■ **DIRECTIONS**: Below is a listing with pictures. Repeat exactly the lines starting at the one holding "de Vibe Malling." and going on through the one holding "Art Moé - Contemporary Sumi-e", and leave every picture out.

■ **DATASET CONTENT**:
++++++++

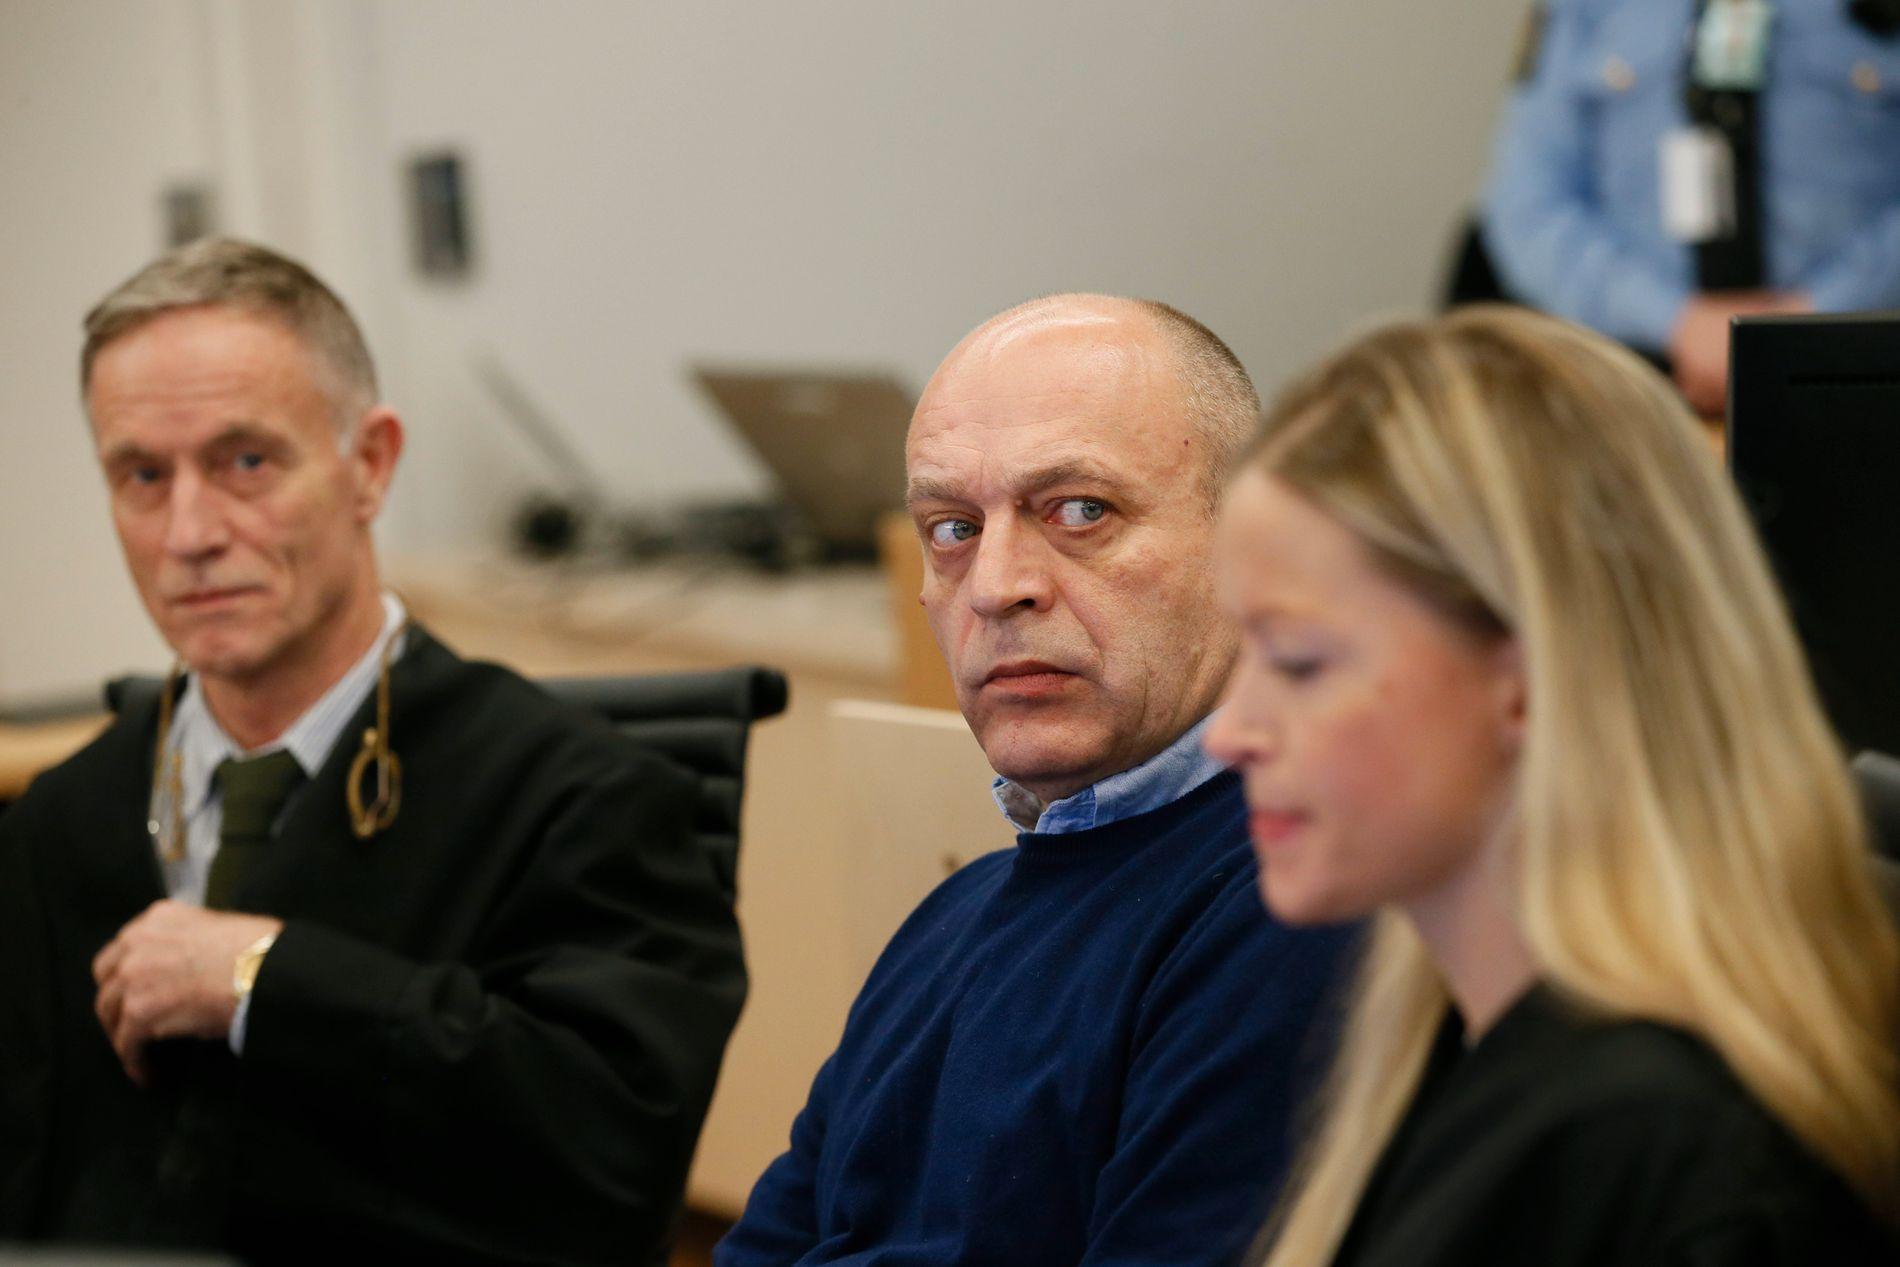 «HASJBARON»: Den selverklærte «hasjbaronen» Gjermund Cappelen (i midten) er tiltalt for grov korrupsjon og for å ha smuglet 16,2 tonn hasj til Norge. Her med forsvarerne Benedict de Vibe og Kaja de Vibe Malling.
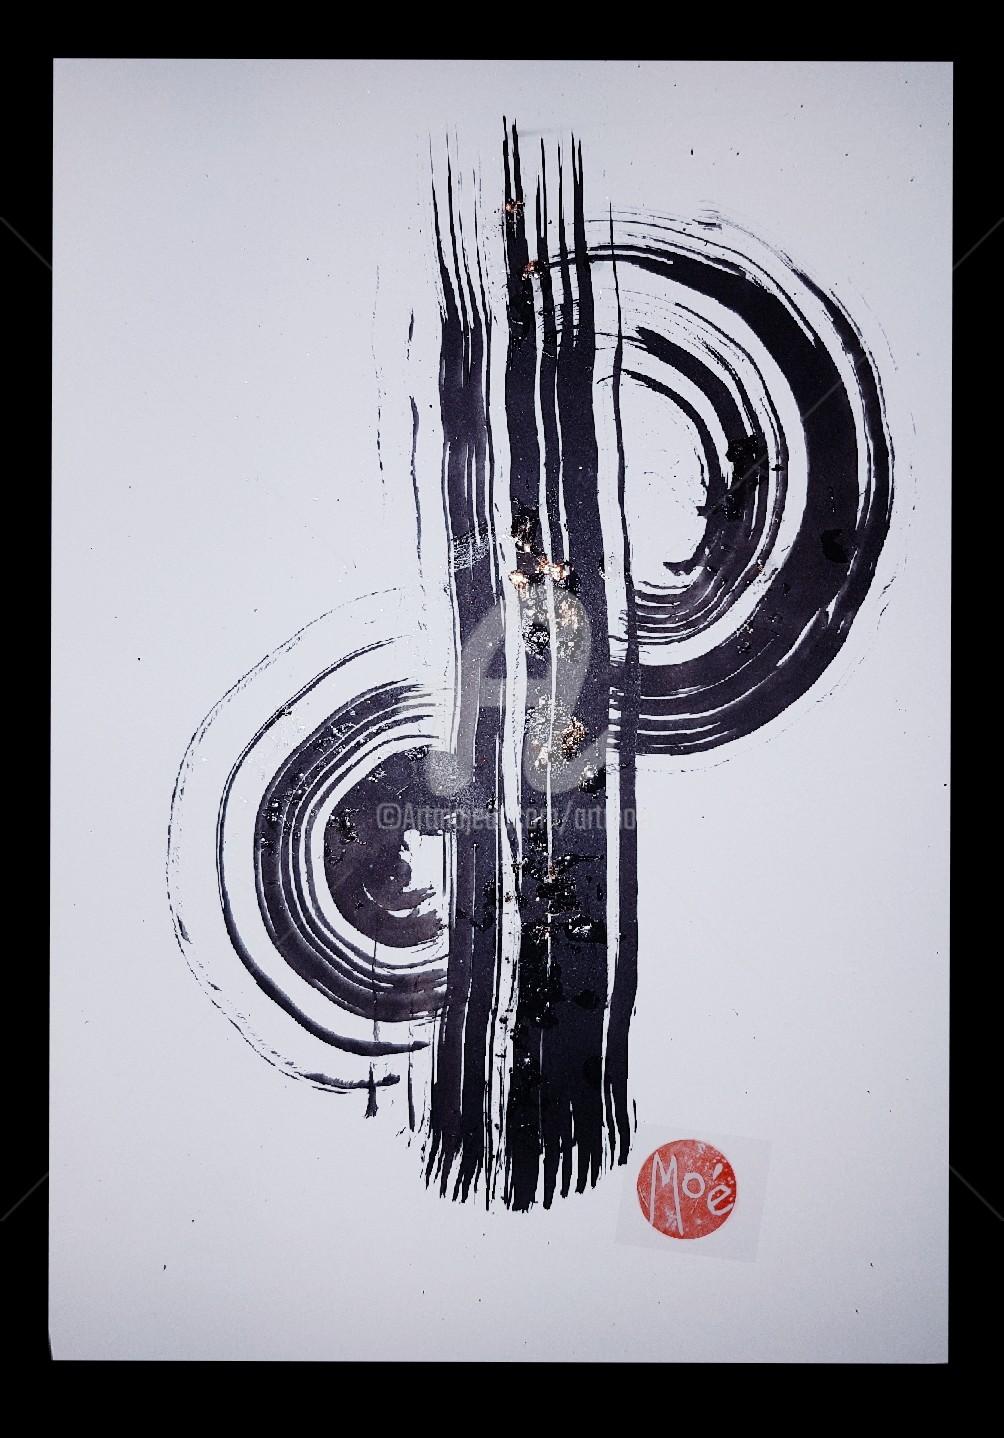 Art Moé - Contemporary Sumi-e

++++++++

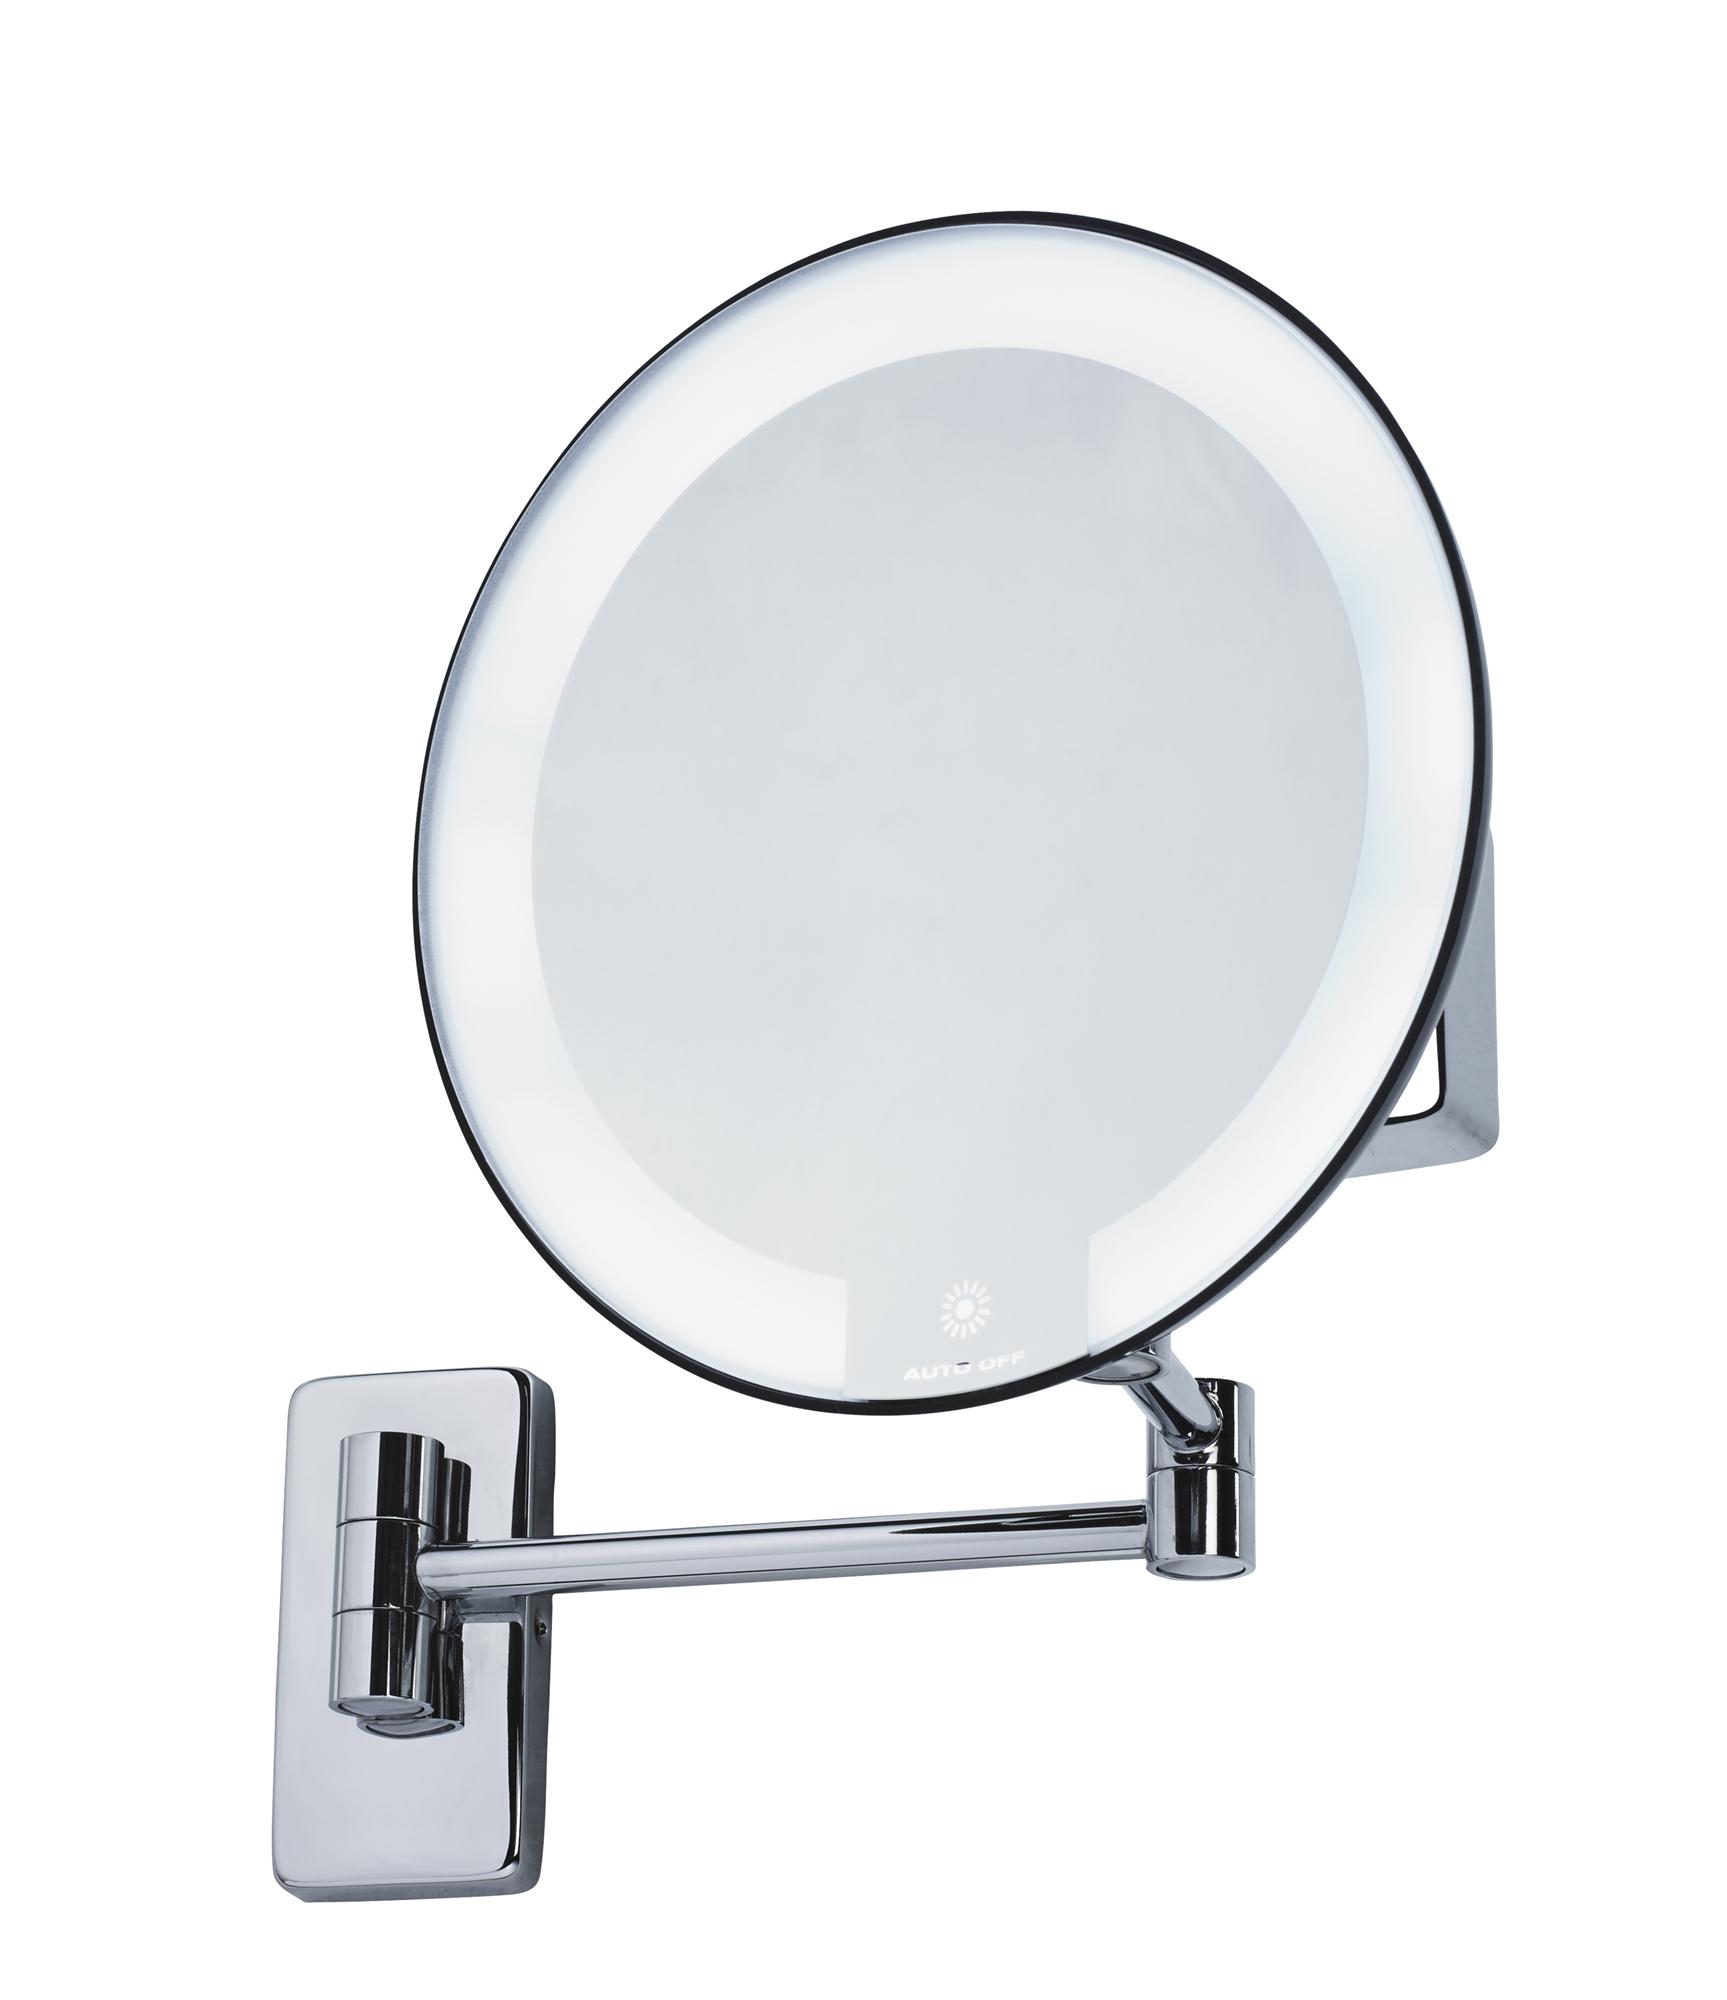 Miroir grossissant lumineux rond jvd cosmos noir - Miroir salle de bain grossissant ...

++++++++

■ **SOLUTION TO THE EXERCISE**:
 «HASJBARON»: Den selverklærte «hasjbaronen» Gjermund Cappelen (i midten) er tiltalt for grov korrupsjon og for å ha smuglet 16,2 tonn hasj til Norge. Her med forsvarerne Benedict de Vibe og Kaja de Vibe Malling.
 Art Moé - Contemporary Sumi-e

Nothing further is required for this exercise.